# going turkey hunting



## alpinebowman (Sep 24, 2007)

Well I just checked the bank account and it looks like me and the wife will be chasing gobblers this spring. I can't wait to get the wife out for her first hunt and lets see if I can go 3 for 3 in as many years. So start checking the accounts and start planning boys its turkey time. *()* *()* -8/- *()* *()* *OOO*


----------



## elkbudy (Dec 24, 2007)

they also hit my card but don't know if it is me or the wife only one charge on it ..


----------



## mack1950 (Sep 11, 2007)

got a hit on my account also. wonder what the minimul score is for a b/c turkey


----------



## hawkeye (Feb 18, 2008)

My card got hit too.

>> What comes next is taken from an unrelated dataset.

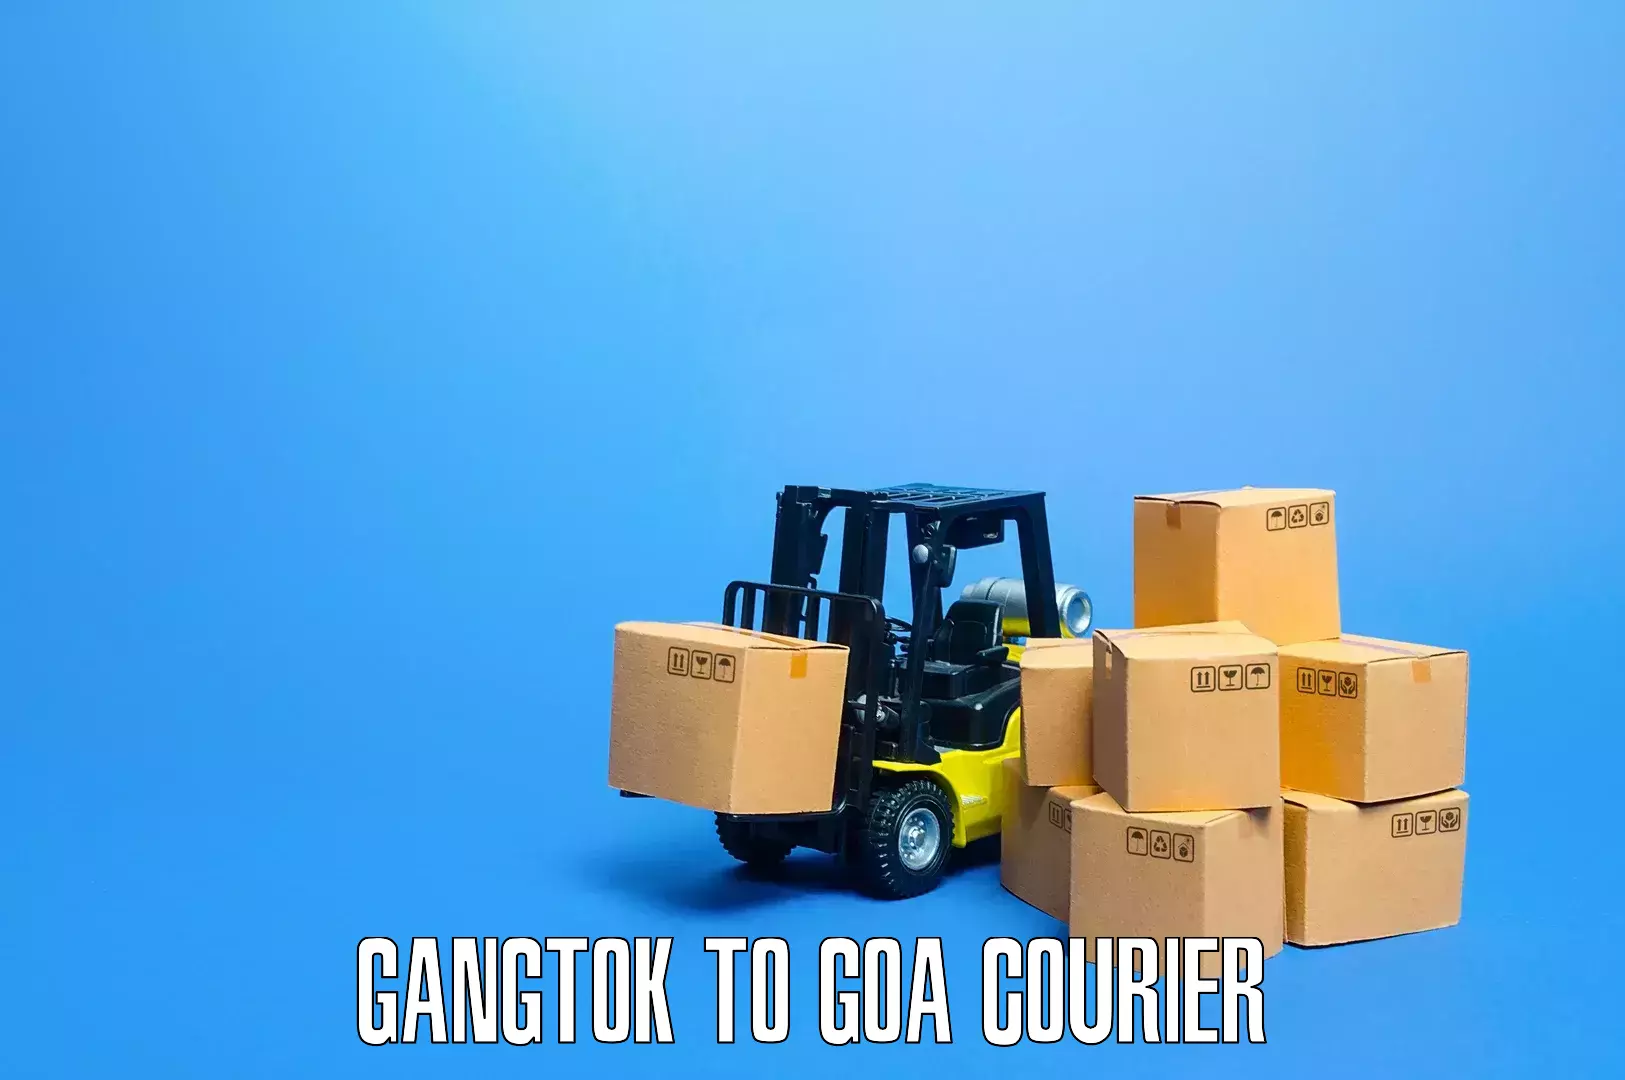 Furniture transport professionals Gangtok to Sanvordem

I wonder if I drew my first-choice limited entry unit or my second-choice general unit?


----------



## Poo Pie (Nov 23, 2007)

Didn't know turkeys were big game but **** ya my card got hit too!!!!


----------



## BPturkeys (Sep 13, 2007)

mack1950 said:


> got a hit on my account also. wonder what the minimul score is for a b/c turkey


That is not even funny.


----------



## CP1 (Oct 1, 2007)

Congrats Alpine, what unit ? still waiting on ours.


----------



## bowgy (Oct 10, 2007)

Congratulations Alpine, let me know what you drew and if you are going to be down this way again, I will keep a look out for some big toms for you. I haven't checked my card yet.


----------



## scottl67 (Nov 29, 2007)

Looks like my 2 boys and I all drew out for the third hunt in the southern region. This will be our first year hunting turkeys. We're excited!


----------



## alpinebowman (Sep 24, 2007)

bowgy said:


> Congratulations Alpine, let me know what you drew and if you are going to be down this way again, I will keep a look out for some big toms for you. I haven't checked my card yet.


I will be down your direction again bowguy. I hope the wife drew here dutton tag and my brother a friend and me drew the southern tag again. I can't wait. I will keep in touch with you and see if we can get together for a hunt.


----------



## EmptyNet (Mar 17, 2008)

My card got hit too . -8/- -/|\-


----------